In a Labour Court review, the party, who is unhappy with the award, asks the Labour Court to set the award aside on the grounds that the arbitrator, in making the award, ‘misconducted himself/herself’. That is, the review application is not an appeal against the award decision, but rather a claim that the arbitrator: 

  • Committed misconduct in relation to his/her arbitration duties,
  • Committed a gross irregularity in the conduct of the arbitration proceedings,
  • Exceeded his/her powers, or
  • Made the award improperly. 

The above criteria refer to misconduct and irregularities including, but not limited to:

  • Taking into account evidence that was not put before the arbitrator,
  • Refusing to allow valid and relevant evidence to be brought,
  • Ignoring statutory requirements or legal principles,
  • Unduly assisting one or other party with his/her case,
  • Delivering a biased award,
  • Taking a bribe, or
  • Failure to apply his/her mind to the facts in evidence.

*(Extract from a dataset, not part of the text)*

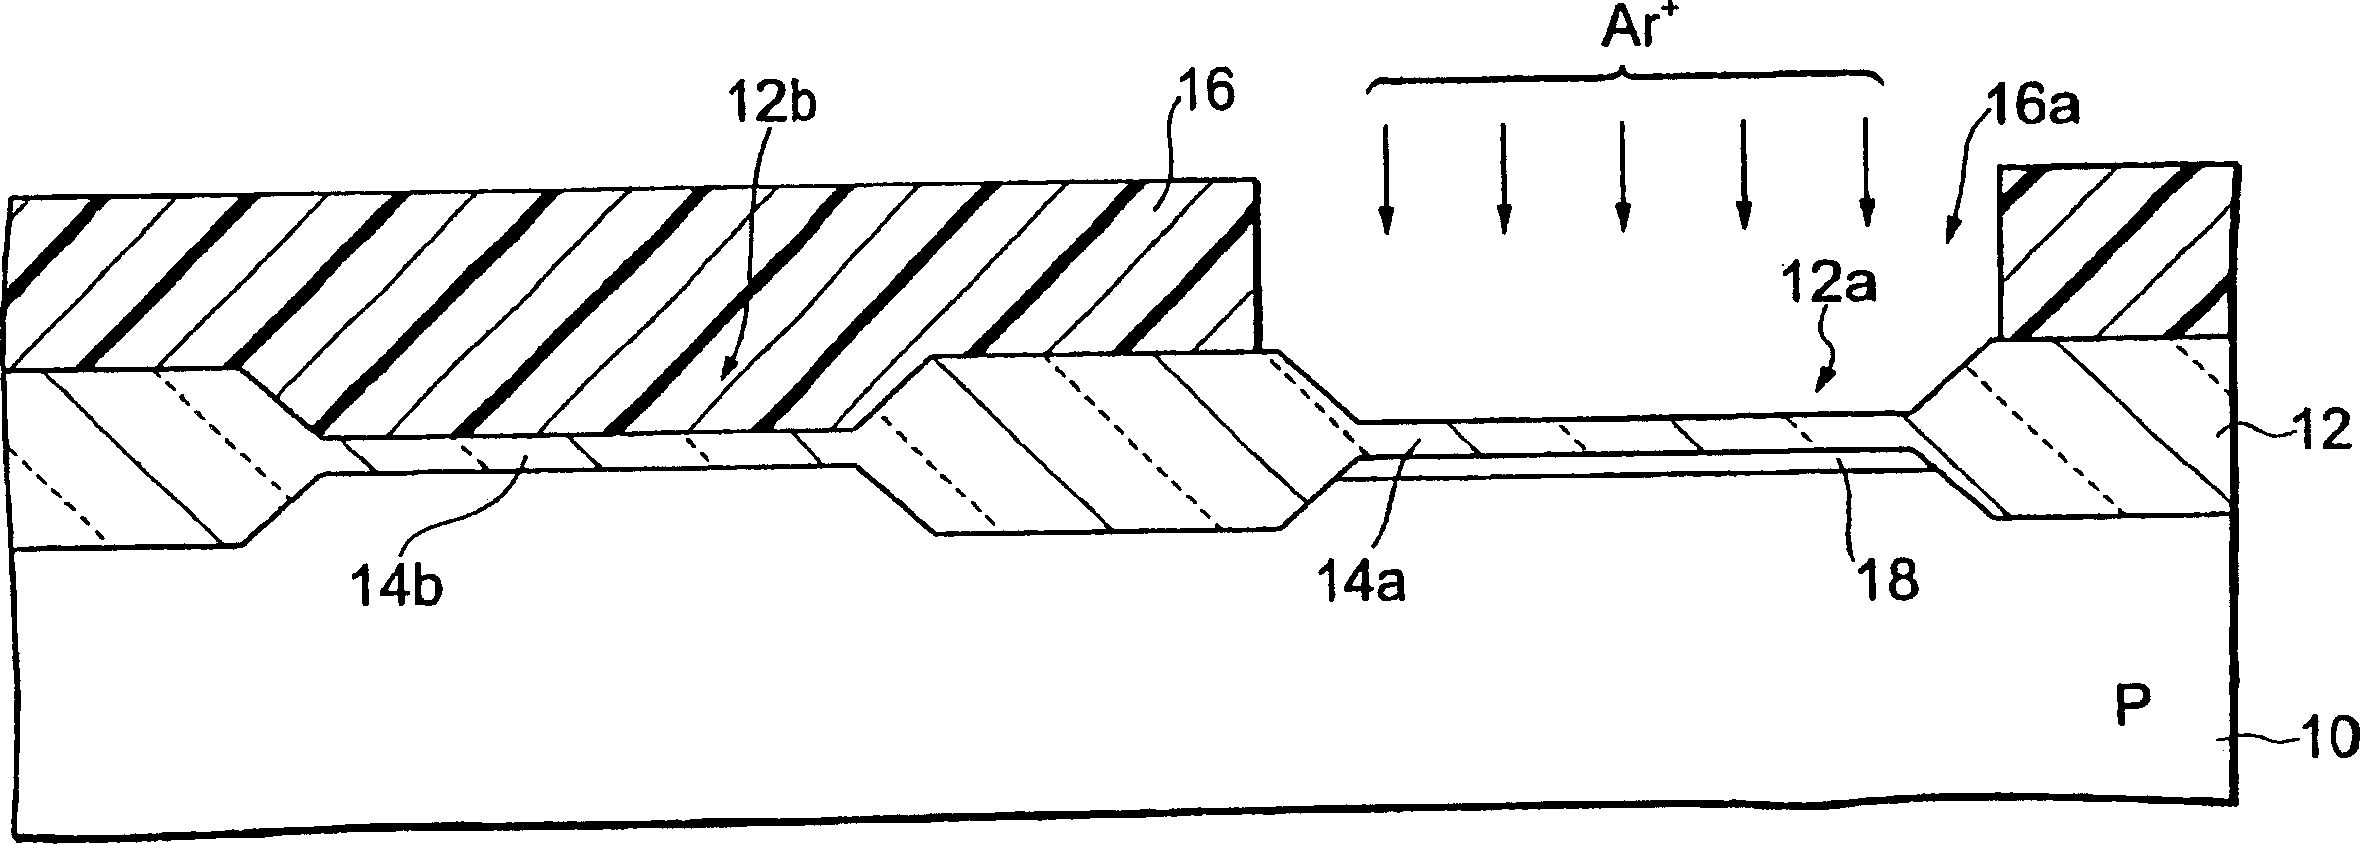 Manufacturing method of grating oxide film

A party may, within 14 days of becoming aware of the arbitration award, apply to the arbitrator to rescind (cancel) the award on the grounds that the award: 

  • Was erroneously sought, or made in the absence of any party affected by it, on good cause shown,
  • Contained an ambiguity (i.e could mean two different things), or an obvious error or omission, or
  • Was granted as a result of a mistake common to the parties. 

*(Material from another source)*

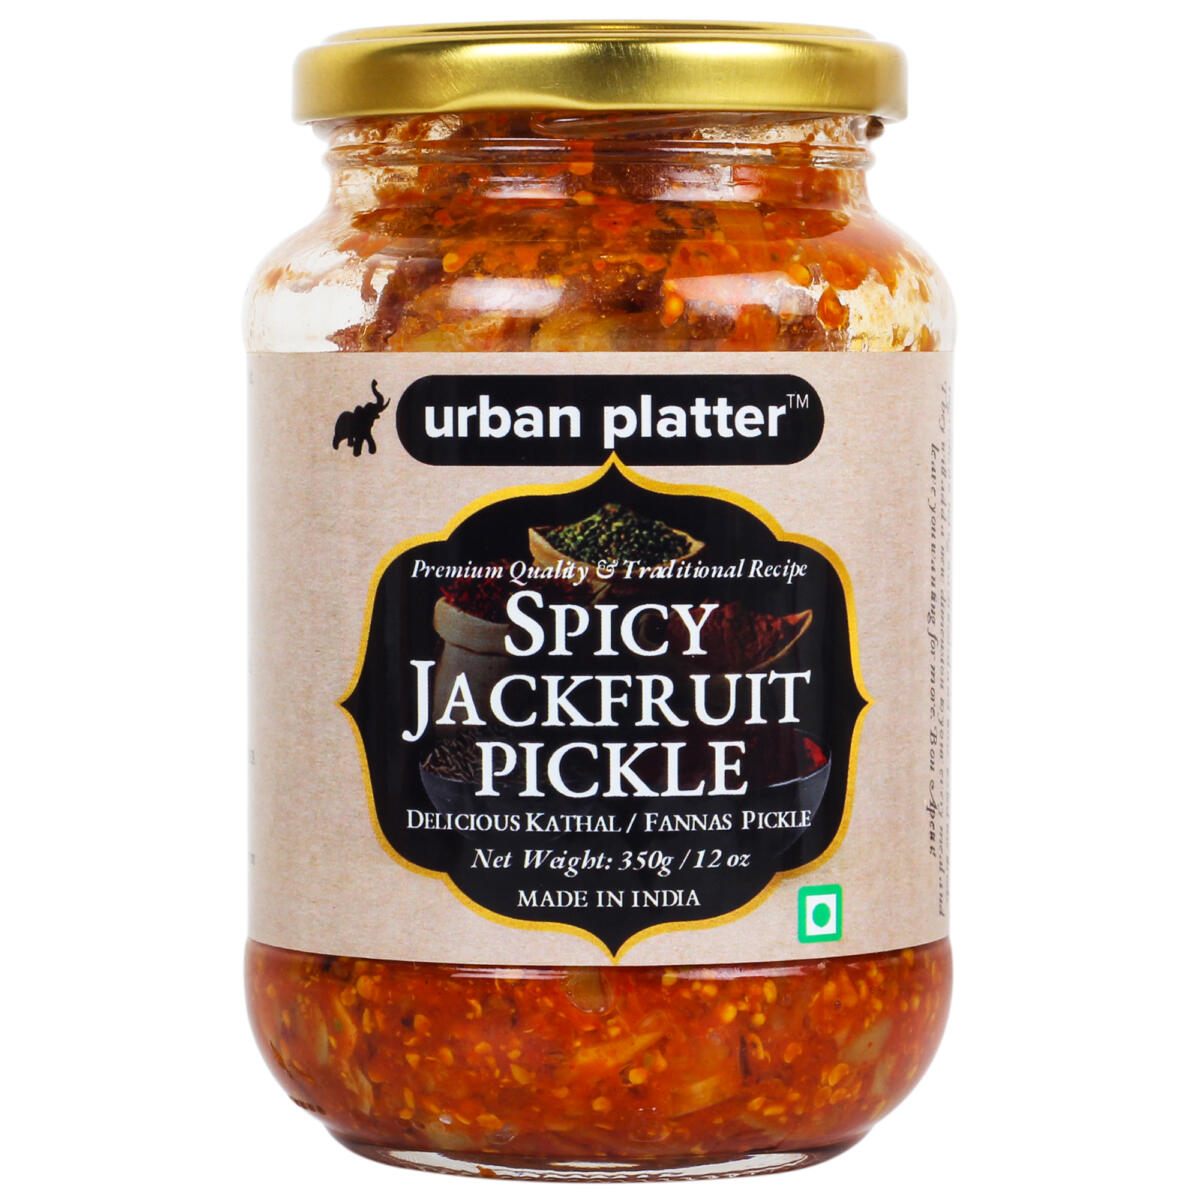 Urban Platter Spicy Jackfruit Pickle, 350g / 12oz [Premium Quality

The grounds for rescission are very narrow, and such applications are most commonly brought when one party has not attended the arbitration hearing, and the award has been made in that party’s absence. Where the party who has failed to attend the hearing has an excuse for his/her absence, he/she may apply to the arbitrator to rescind the award, so as to allow a new arbitration hearing to be set down. Typical reasons for rescission applications being granted include: 

  • The rescission application is made within the 14-day deadline, and 
  • Valid proof is submitted of illness, or of failure of CCMA/bargaining council to serve the notice of set down on the party concerned. 

However, employers are warned that the CCMA requires valid reasons, and thorough explanations for the absence of parties. In the case of Shoprite Checkers vs CCMA & others (2005, 8 BLLR 816) the employer party failed to attend the arbitration hearing. The arbitrator held the hearing in absentia, and granted an award in favour of the employee. The employer then applied for a rescission, on the grounds that the assistant of the person in charge of the matter had mis-diarised the date of the arbitration. The CCMA turned down the rescission application.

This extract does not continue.